● YOUR INSTRUCTIONS
Would you reproduce the data below exactly, please, leaving out its images?

● SOURCE MATERIAL
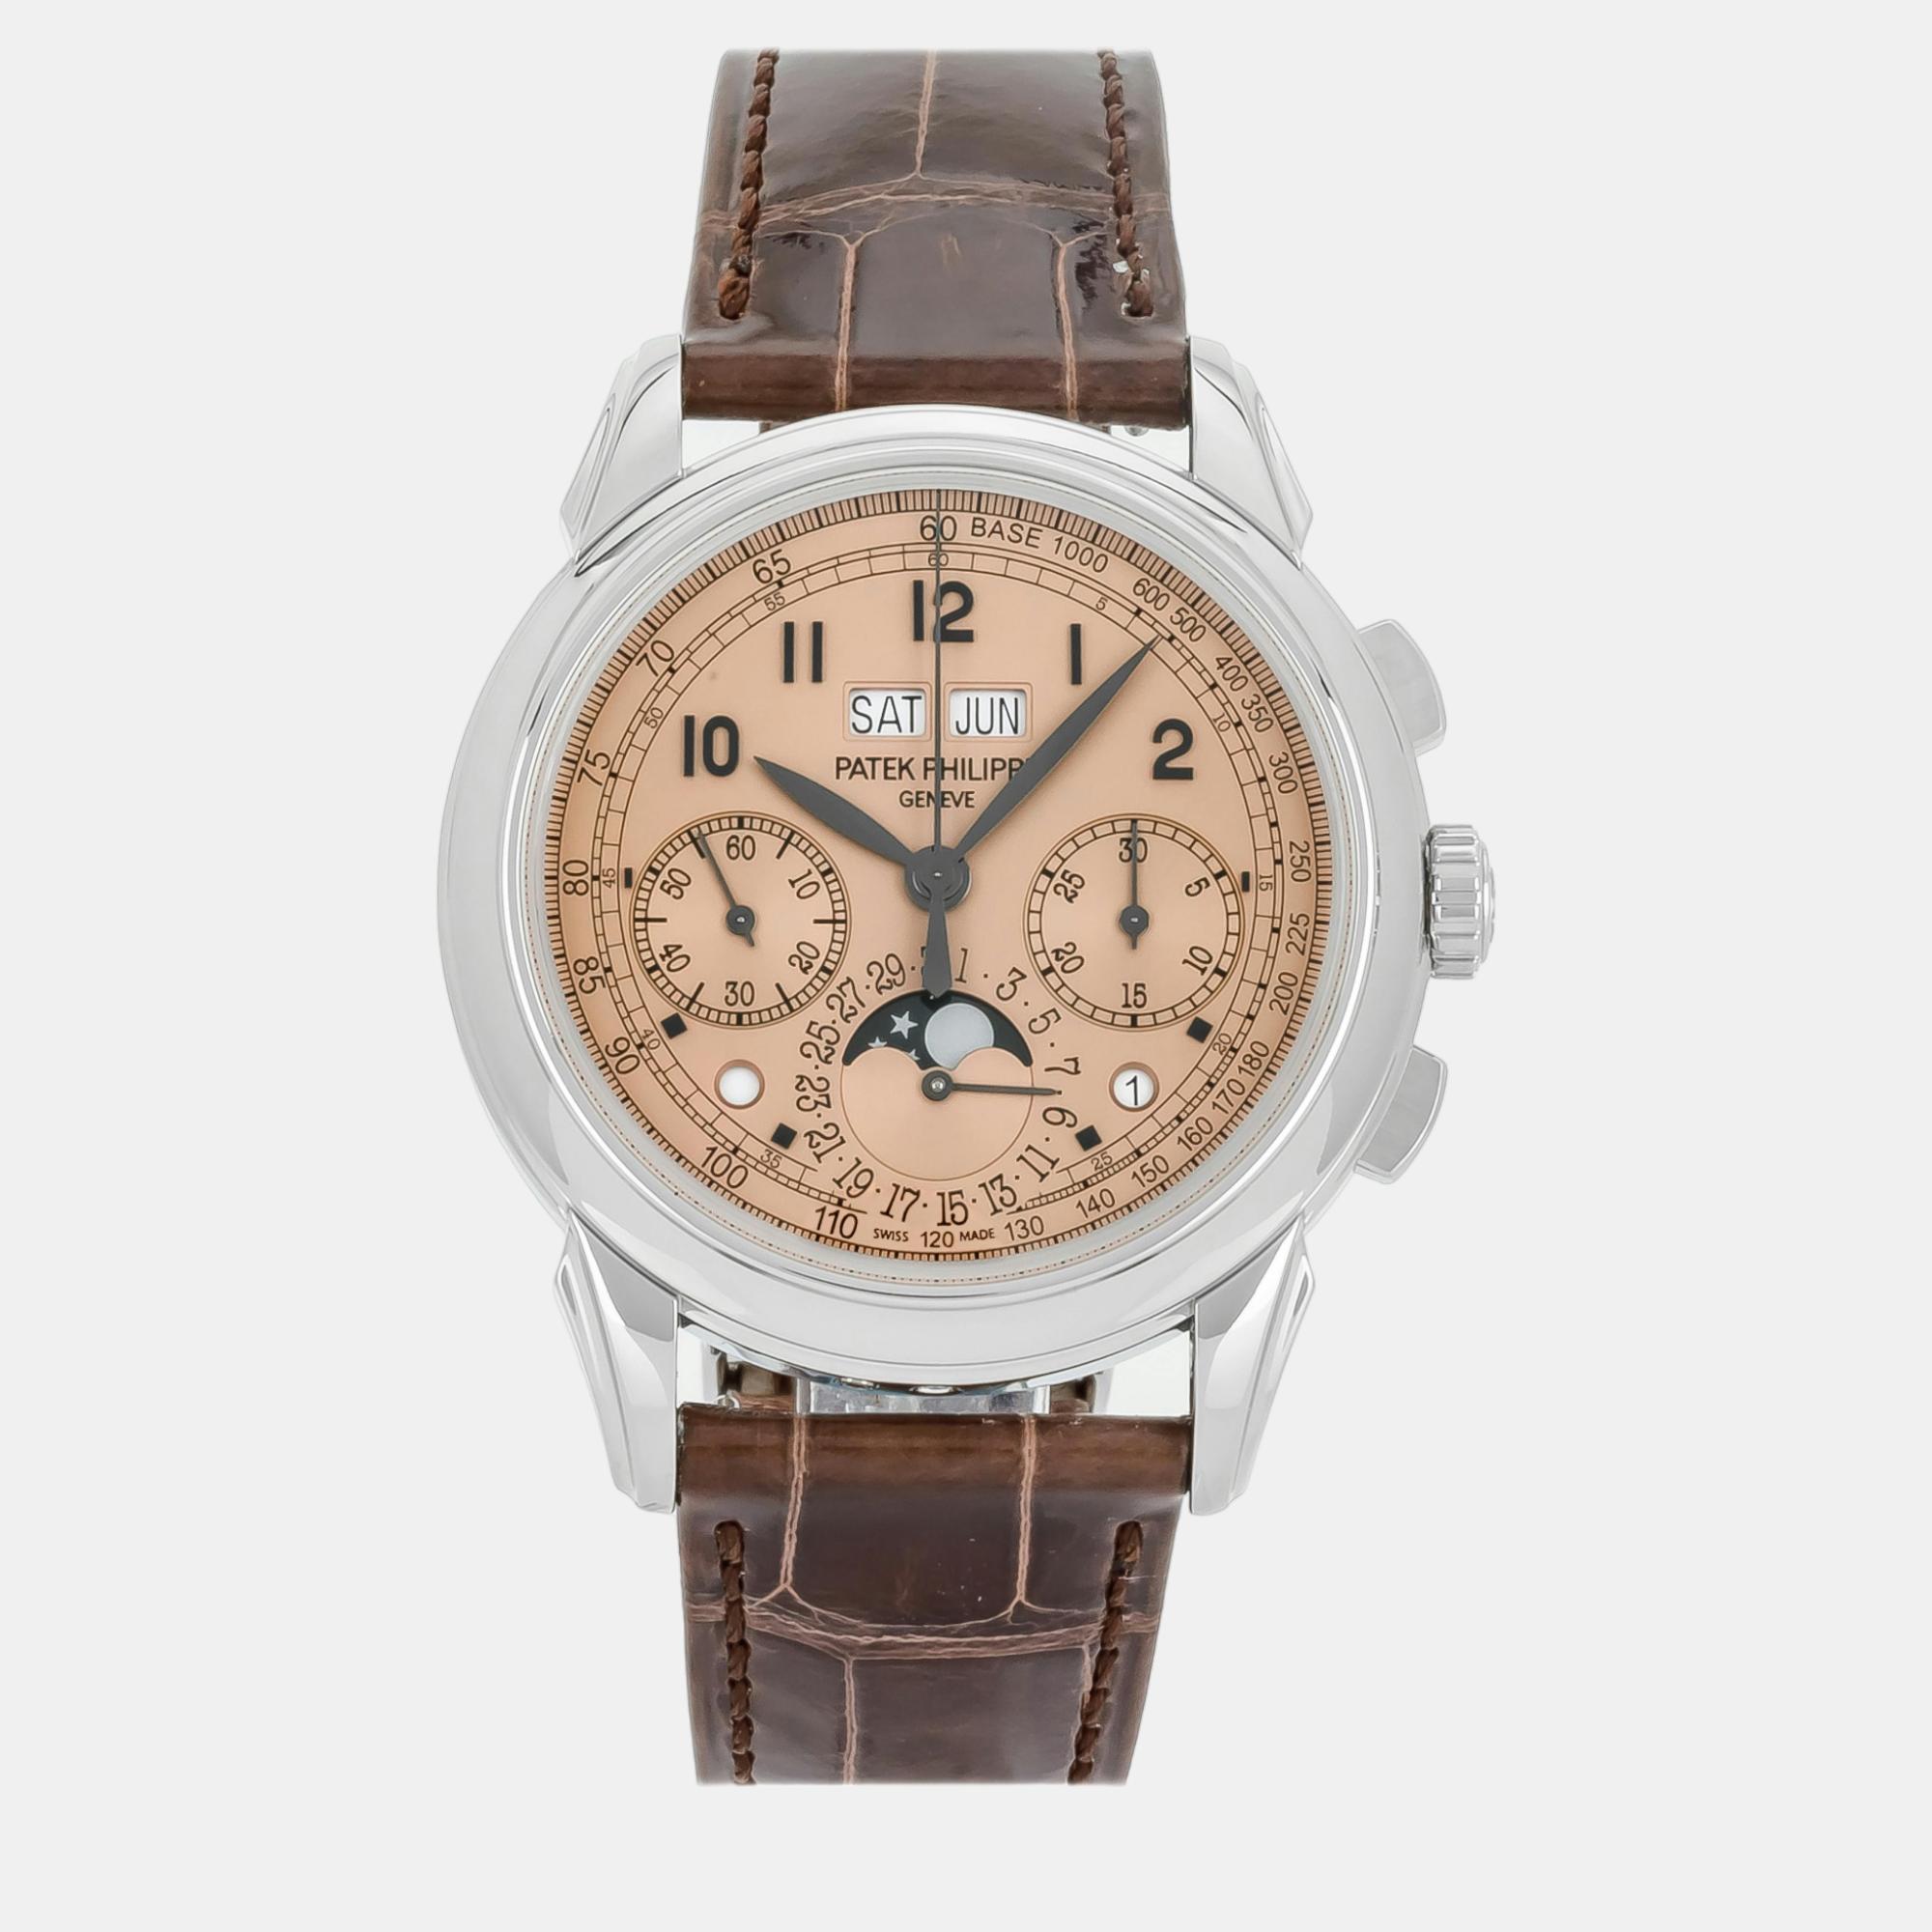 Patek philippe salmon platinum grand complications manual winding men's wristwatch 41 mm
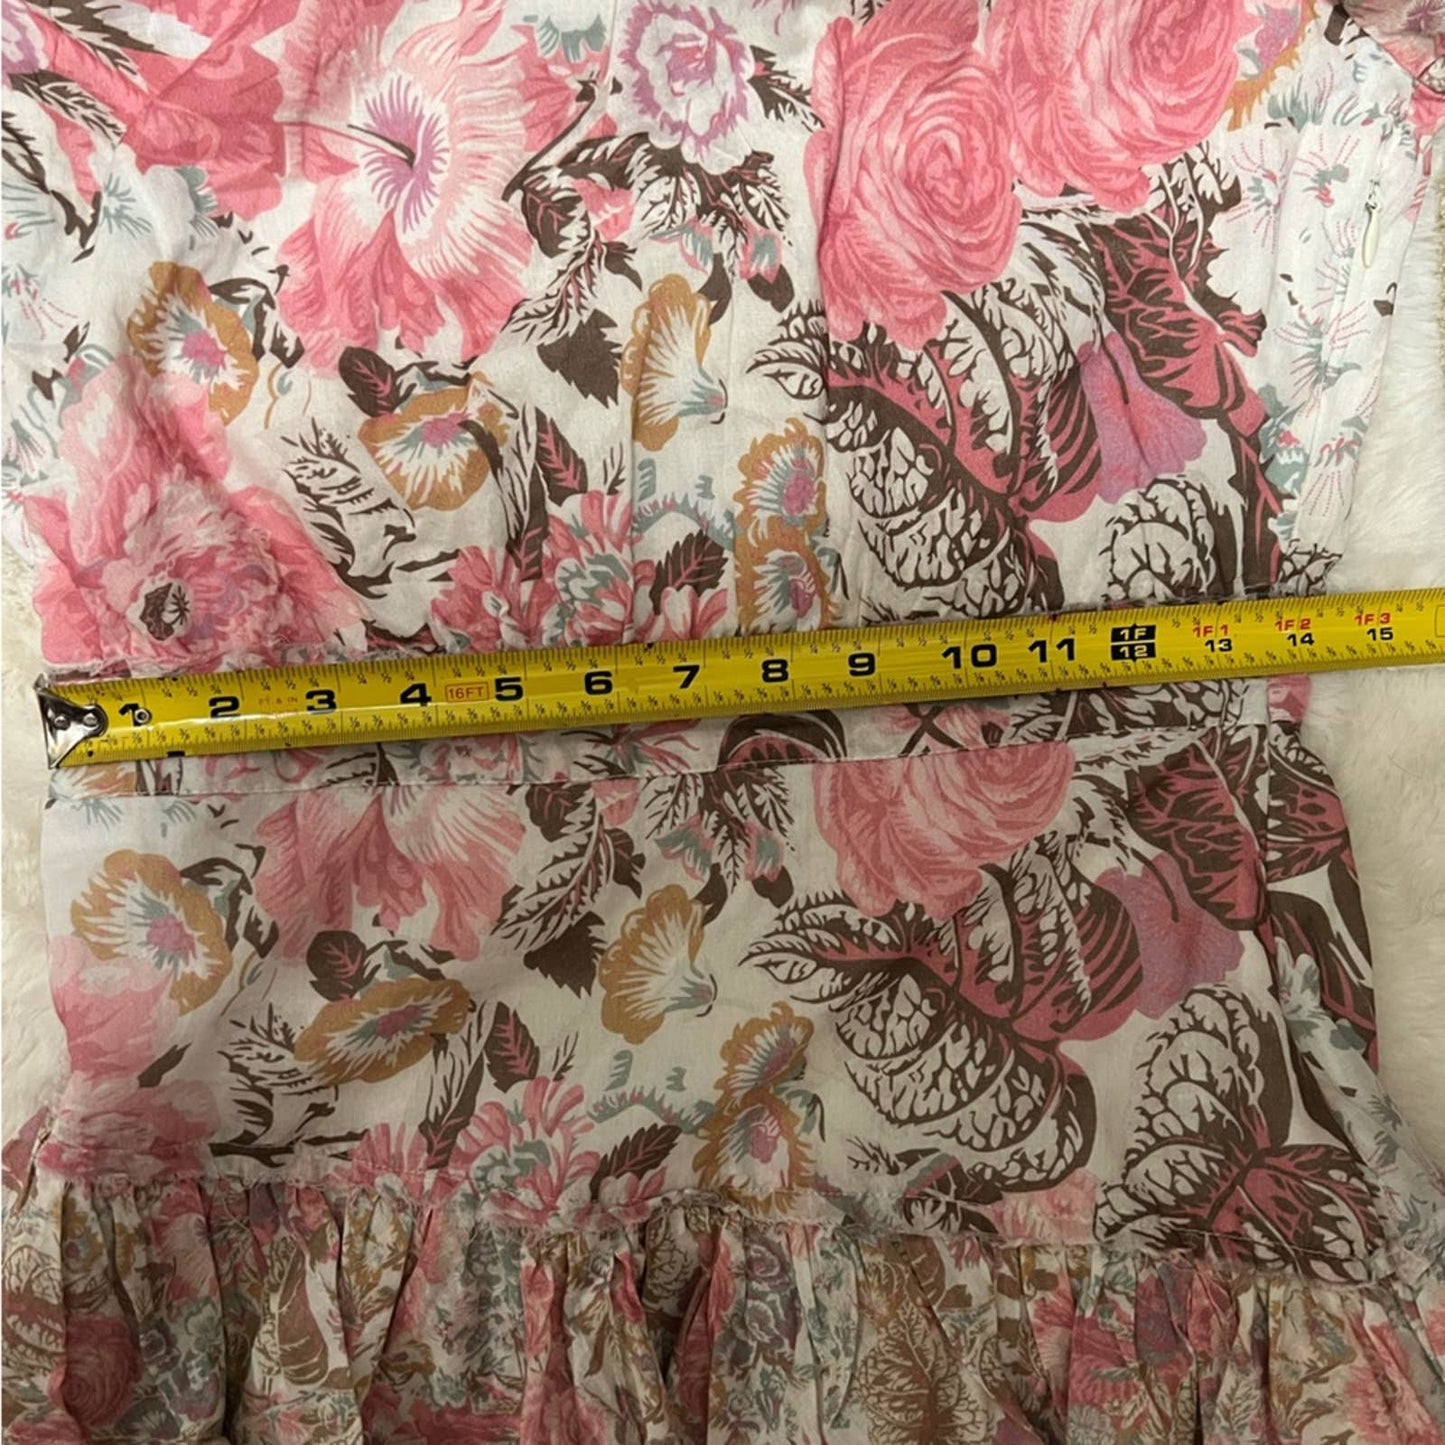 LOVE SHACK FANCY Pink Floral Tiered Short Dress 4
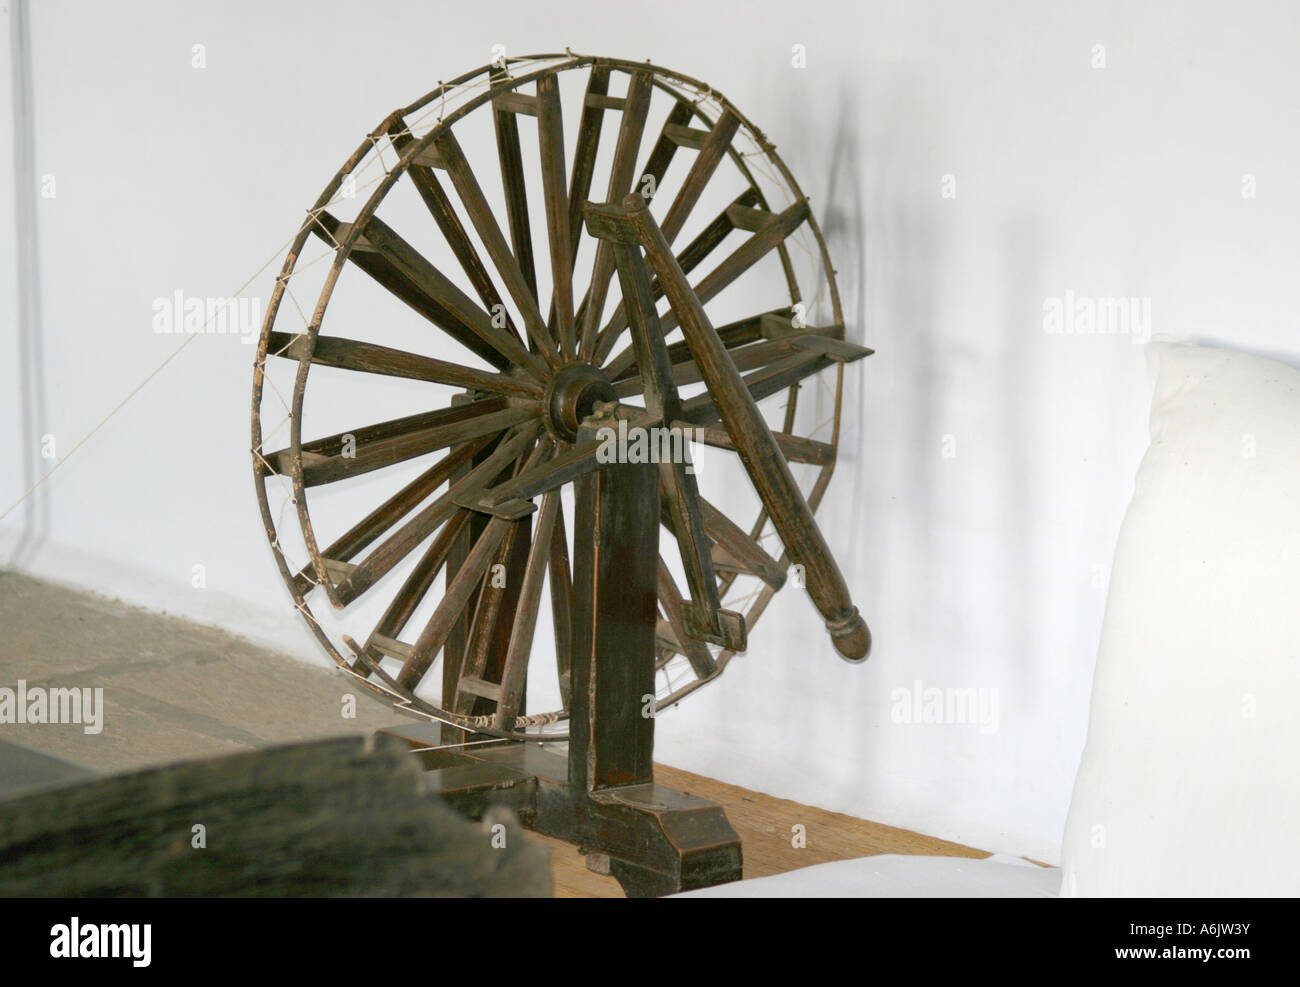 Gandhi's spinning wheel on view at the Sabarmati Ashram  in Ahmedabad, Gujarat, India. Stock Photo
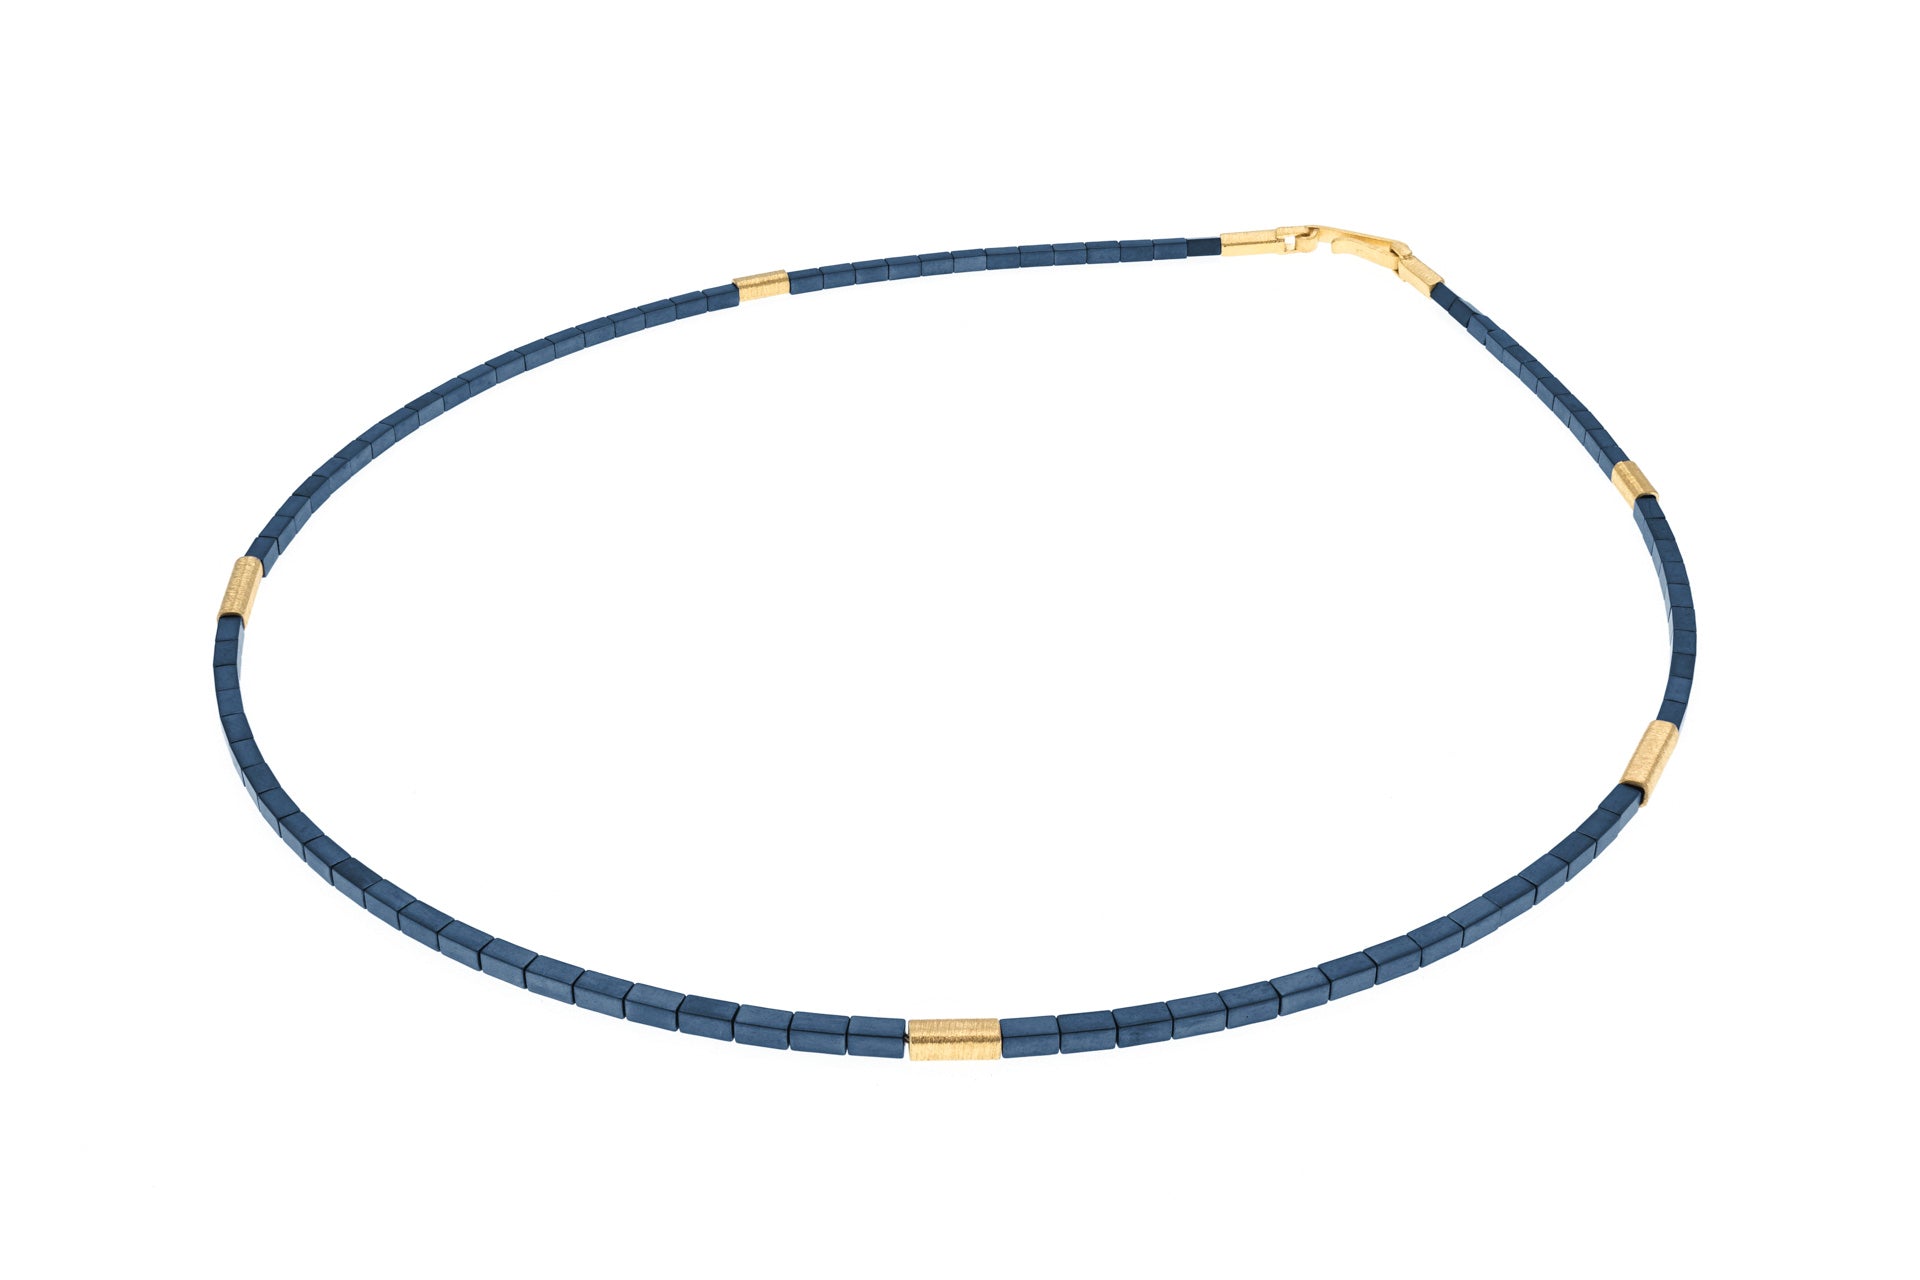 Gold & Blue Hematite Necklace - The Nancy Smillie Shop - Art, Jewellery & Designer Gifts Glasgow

● EXERCISE RESPONSE
 Patek philippe salmon platinum grand complications manual winding men's wristwatch 41 mm
 LOVE SHACK FANCY Pink Floral Tiered Short Dress 4
 Gandhi's spinning wheel on view at the Sabarmati Ashram  in Ahmedabad, Gujarat, India. Stock Photo
 Gold & Blue Hematite Necklace - The Nancy Smillie Shop - Art, Jewellery & Designer Gifts Glasgow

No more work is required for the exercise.